Note the big difference to the other predicted prices.
Polynomial regression
Size features
In the following we look at the following features:
\(size, \sqrt{size},size^2,size^3,size^4\)
Size features with normalized features and gradient descent
sizes <- data[,1]
y <- data[,3]
alpha <- 0.4
iterations <- 1500
theta_init <- c(0,0,0,0,0,0)
sizes <- cbind(sizes,sqrt(sizes),sizes^2,sizes^3,sizes^4)
fN <- featureNormalization(sizes)
mu <- fN$mu
sigma <- fN$sigma
grad_desc <- gradientDescent(cbind(fN$nv,y),theta_init,alpha,iterations)
plotCostDev(grad_desc)
theta <- grad_desc$theta
plotdata <- cbind(data[,1],y)
x <- as.matrix(seq(from=0,to=5000,length.out=5000),ncol=1)
X <- cbind(x,sqrt(x),x^2,x^3,x^4)
ypred <- c(1,times=5000)
for (i in 1:dim(X)[1]){
ypred[i] <- hnormal(theta,X[i,],mu,sigma)
}
plot(plotdata,col="red",pch=4,lwd=2,xlab="size",ylab="price",xlim=c(0,5000),ylim=c(0,1000000))
points(x,ypred,type="l",col="blue")
Theta values: 340412.66, 55199.58, -25098.50, 123268.06, 47768.23, -101072.67
Size features with normal equation (standard values for R’s inverse function ginv)
sizes <- data[,1]
y <- data[,3]
sizes <- cbind(sizes,sqrt(sizes),sizes^2,sizes^3,sizes^4)
sizes <- ones(sizes)
theta <- normalEquation(sizes,y)
plotdata <- cbind(data[,1],y)
plot(plotdata,col="red",pch=4,lwd=2,xlab="sizes",ylab="price",xlim=c(0,5000),ylim=c(0,1000000))
curve(theta[1]+theta[2]*x+theta[3]*sqrt(x)+theta[4]*(x^2)+theta[5]*(x^3)+theta[6]*(x^4),col="blue",add=TRUE)

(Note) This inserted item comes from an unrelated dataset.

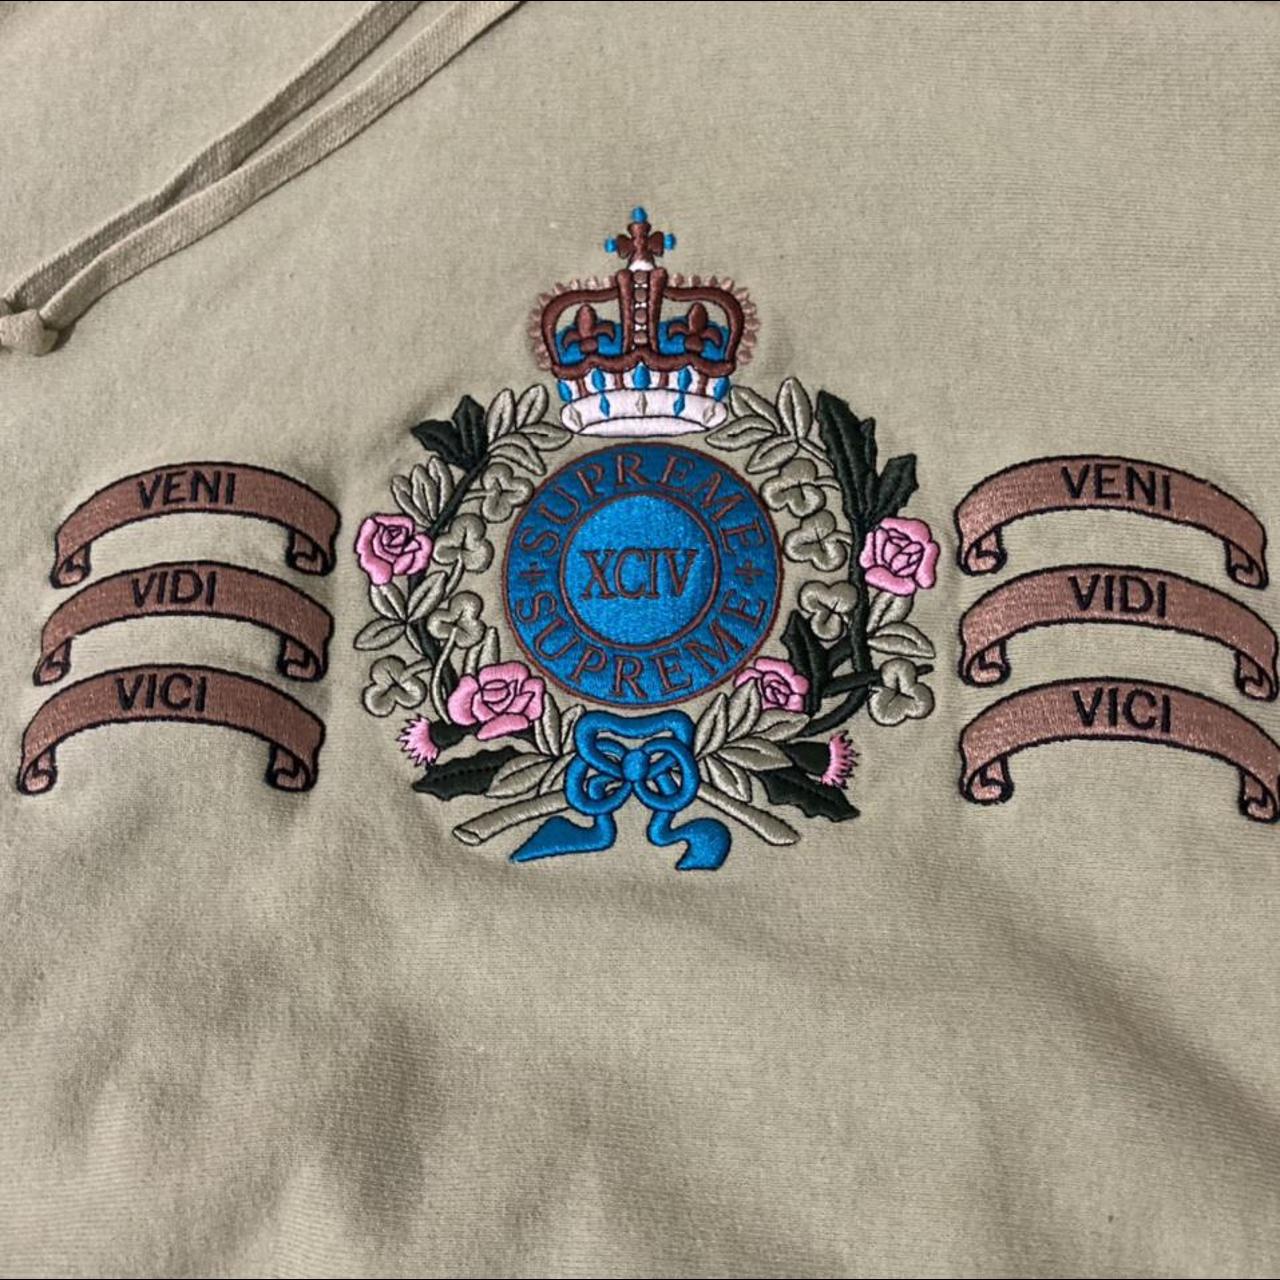 Product Image 2 - Supreme embroided Crest Hoodie “veni

Theta values: 1.344396e-23, 4.582734e-20, 7.757718e-22, 1.691249e-16, 6.589354e-13, 2.661079e-09
Size features with normal equation (parameter tol=0 for R’s inverse function ginv)
sizes <- data[,1]
y <- data[,3]
sizes <- cbind(sizes,sqrt(sizes),sizes^2,sizes^3,sizes^4)
sizes <- ones(sizes)
theta <- normalEquationExact(sizes,y)
plotdata <- cbind(data[,1],y)
plot(plotdata,col="red",pch=4,lwd=2,xlab="sizes",ylab="price",xlim=c(0,5000),ylim=c(0,1000000))
curve(theta[1]+theta[2]*x+theta[3]*sqrt(x)+theta[4]*(x^2)+theta[5]*(x^3)+theta[6]*(x^4),col="blue",add=TRUE)
Theta values: 2.044467e+05, 3.003035e-01, -8.389948e+02, 3.892136e-02, 5.106840e-06, -1.870584e-09
Number of bedrooms features
In the following we look at the following features:
\(bedrooms, \sqrt{bedrooms},bedrooms^2,bedrooms^3,bedrooms^4\)
Number of bedrooms features with normalized features and gradient descent
bedrooms <- data[,2]
y <- data[,3]
alpha <- 0.4
iterations <- 1500
theta_init <- c(0,0,0,0,0,0)
bedrooms <- cbind(bedrooms,sqrt(bedrooms),bedrooms^2,bedrooms^3,bedrooms^4)
fN <- featureNormalization(bedrooms)
mu <- fN$mu
sigma <- fN$sigma
grad_desc <- gradientDescent(cbind(fN$nv,y),theta_init,alpha,iterations)
plotCostDev(grad_desc)
theta <- grad_desc$theta
plotdata <- cbind(data[,2],y)
x <- as.matrix(seq(from=0,to=10,length.out=500),ncol=1)
X <- cbind(x,sqrt(x),x^2,x^3,x^4)
ypred <- c(1,times=500)
for (i in 1:dim(X)[1]){
ypred[i] <- hnormal(theta,X[i,],mu,sigma)
}
plot(plotdata,col="red",pch=4,lwd=2,xlab="bedrooms",ylab="price",xlim=c(0,10),ylim=c(0,1000000))
points(x,ypred,type="l",col="blue")
Theta values: 340412.66, -39531.47, 178076.09, -226671.90, -102517.28, 264158.47
Number of bedrooms with normal equation
bedrooms <- data[,2]
y <- data[,3]
bedrooms <- cbind(bedrooms,sqrt(bedrooms),bedrooms^2,bedrooms^3,bedrooms^4)
bedrooms <- ones(bedrooms)
theta <- normalEquation(bedrooms,y)
plotdata <- cbind(data[,2],y)
plot(plotdata,col="red",pch=4,lwd=2,xlab="bedrooms",ylab="price",xlim=c(0,10),ylim=c(0,1000000))
curve(theta[1]+theta[2]*x+theta[3]*sqrt(x)+theta[4]*(x^2)+theta[5]*(x^3)+theta[6]*(x^4),col="blue",add=TRUE)
Theta values: 6338.473, 64925.975, 33509.299, 101086.504, -51273.058, 6677.330
Be careful not to overfit your data!